When My Heart Joins the Thousand(15)
Finally she pulls back, flushed and breathless and smiling, with tears in her eyes. “We’ll go out tomorrow,” she says. “We’ll have our own party. With no smelly Jessamine.”
The next morning, she takes me out for pancakes at my favorite restaurant, the Silver Dollar. As we sit, eating, she says, “You know, it might help if you went back to counseling.”
I poke my pancakes with a fork. I’m still seeing a psychiatrist—Dr. Evans—but she just gives me medication to keep me calm at school. I stopped seeing my last counselor months ago. “I don’t want to.”
“You were getting better,” Mama says. “You were learning to . . . how did she put it? ‘Adapt to social norms.’ If you kept at it, I’m sure you could make a friend. It would be good for you to have at least one friend.”
What good is friendship, I wonder, if I have to pretend to be someone else? “I don’t want to go back. I don’t need any friends. I just need you.”
Her face changes for a second. “I won’t be around forever, you know.”
“But you’ll be around for a long time. Right?”
“A very long time.” She tries to smile, but it looks strange, like there are wires hooked into the corners of her mouth, pulling.
After breakfast, we go shopping, and she buys me a little yellow candle in a clay jar. It smells like honey and vanilla and clover, but the smell isn’t too sharp, so it doesn’t make my nose itch. I keep the jar long after the candle has burned down to nothing.
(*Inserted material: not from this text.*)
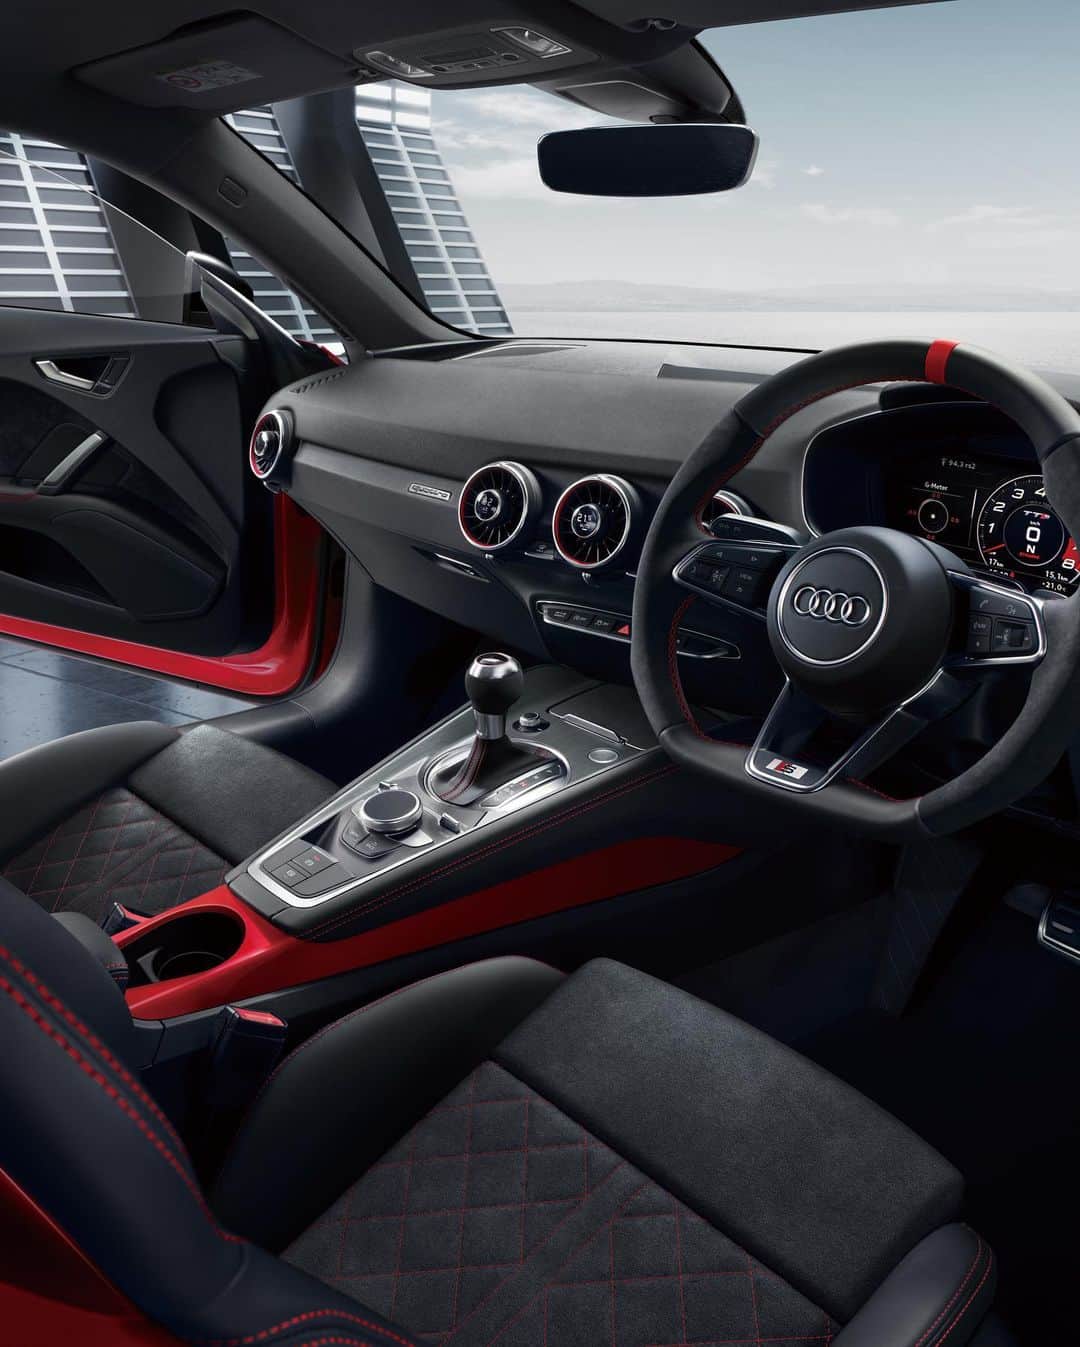 アウディ ジャパンのインスタグラム：「Audi TT Coupé final editionの室内は、初代Audi TTから連綿と受け継がれるドライビングに集中するための場所。   ビビッドなアクセントカラーを施したインテリアは、スポーティな雰囲気と大人な感性を満たす質感の高さや快適性が絶妙に調和。 乗り込んだ瞬間から心躍る空間を創り出すその場所は、歴史を締めくくるにふさわしい。   *写真は欧州仕様車です。日本仕様と異なります。   #AudiTTCoupe   #Audi #アウディ #AudiJapan #アウディジャパン #AudiSport #アウディスポーツ #AudiTT #アウディTT #限定車 #SportsCar #スポーツカー #AudiLife #Audigram #CarLife #CarLifeStyle #GermanCars #Car #Cars #Cargram #アウディのある生活 #アウディのある風景」

Even years later, particles of the scent still cling to its sides, and sometimes I bury my nose in the jar and breathe in deeply.
CHAPTER EIGHT
The digital clock on the floor next to my mattress reads 5:42.
It’s time.
I put on a faded Pink Floyd T-shirt, along with my usual black skirt and black-and-white striped stockings. Most of my clothes, aside from my work uniform, are frayed and faded. I shop mostly at thrift stores and Goodwill, and because it’s difficult for me to find comfortable clothes, I tend to keep them until they literally fall apart.
I walk to the park. The pond is gray and empty of ducks; the air is still and cool. Stanley is sitting on his usual bench, facing away from me. His hair is almost curly, I notice. In the back, where it’s longest, it falls into loose waves.
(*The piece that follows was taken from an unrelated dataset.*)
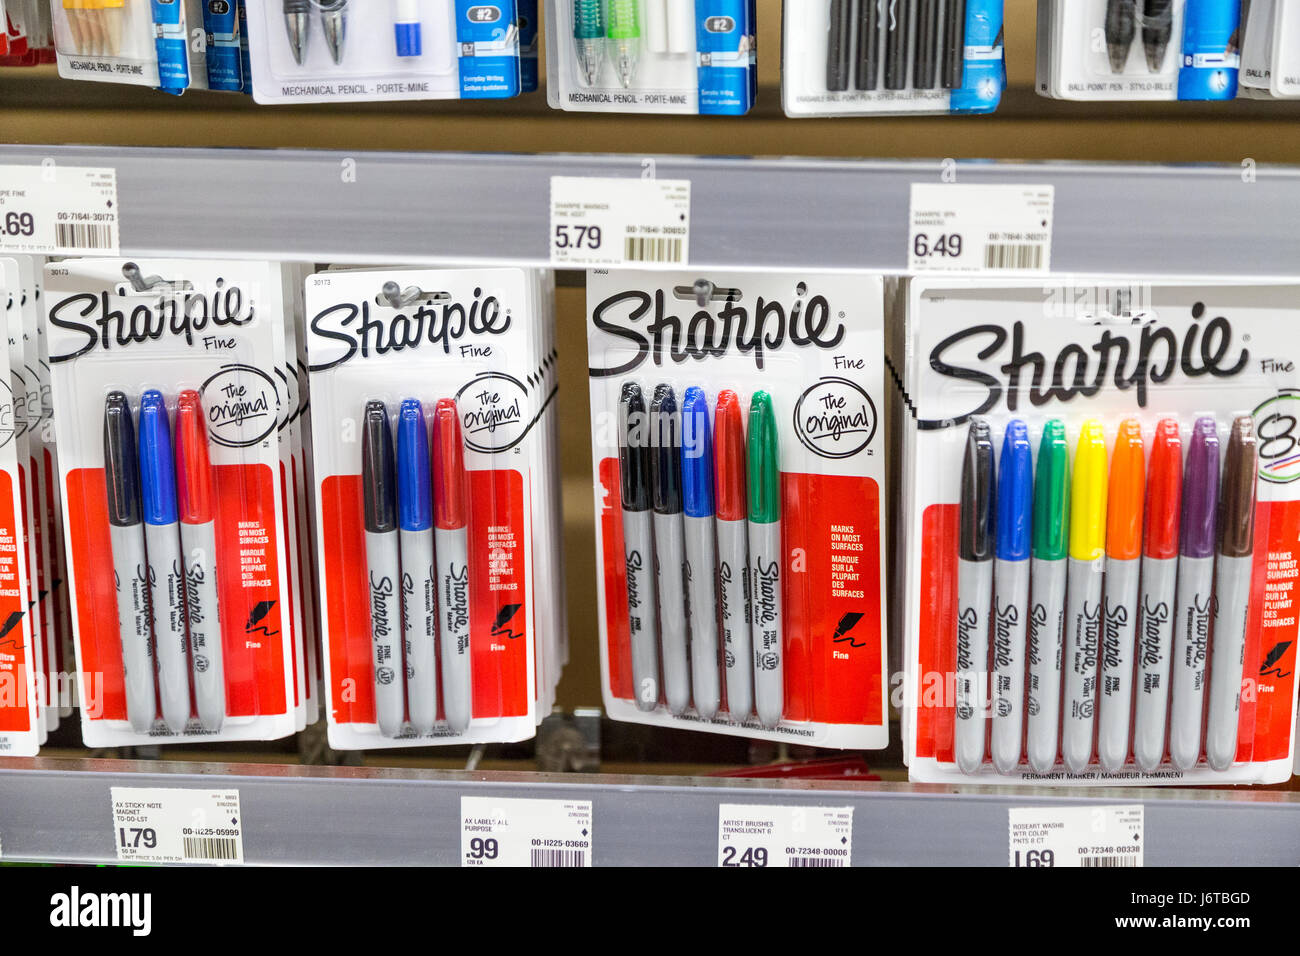 Paquets de Sharpie marqueurs permanents marque colorée sur l'écran dans un magasin Banque D'Images

I don’t know what gives me away—maybe he hears a twig creak under my foot—but after a few minutes, he raises his head and looks over his shoulder. My heart lurches into my throat. Quickly I lower my head. Sweat dampens my palms as I slowly approach and sit down next to him, not looking up.
“Alvie?”
I cross my arms over my chest. “Hello.”
He’s wearing khakis and a polo shirt under a blue windbreaker, and he has a crutch tucked under his right arm instead of his usual cane. His cast peeks out from beneath his pant leg. After a few seconds of silence, he draws in an unsteady breath. “I was worried you wouldn’t show up.”
“I said I would.”
“Yeah. You did.” He holds out a hand. “It sounds strange to say ‘pleased to meet you,’ but, well . . . hi.”
I hesitate before grasping the proffered hand, then let go quickly, as if I’ve touched a hot pan. If he’s offended by my discomfort with touch, he doesn’t show it.
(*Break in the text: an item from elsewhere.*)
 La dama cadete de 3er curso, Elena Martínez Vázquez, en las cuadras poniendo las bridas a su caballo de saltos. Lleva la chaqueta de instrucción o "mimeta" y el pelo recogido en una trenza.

“You know,” he says, “it’s funny. You look just the way I imagined.”
For the first time, I meet his gaze. And I can’t stop staring.
His eyes are blue. Not just the irises. The sclerae—the whites—are tinted a misty blue gray, like the interior of a seashell I once found on the beach. This is the first time I’ve been close enough to see, and for a few seconds, I can’t breathe. My voice comes out as a thin whisper. “Your eyes—”
There’s a subtle change in his face, a stiffening of the muscles, and I stop.
I should say something else. I reach for words, but nothing comes.
When I talk to someone, I have to run my answers through various filters in my brain to see if they’re appropriate. Online, the frequent pauses in my speech aren’t a problem, but this is different. I’m sitting next to Stanley, the person I’ve been talking to every night for the past couple of weeks, and I have no idea what to say.
I start to rock lightly back and forth on the bench. I can’t help it. One hand drifts up to tug on my left braid. Several yards away, near the base of a tree, a rabbit grazes on yellowed grass.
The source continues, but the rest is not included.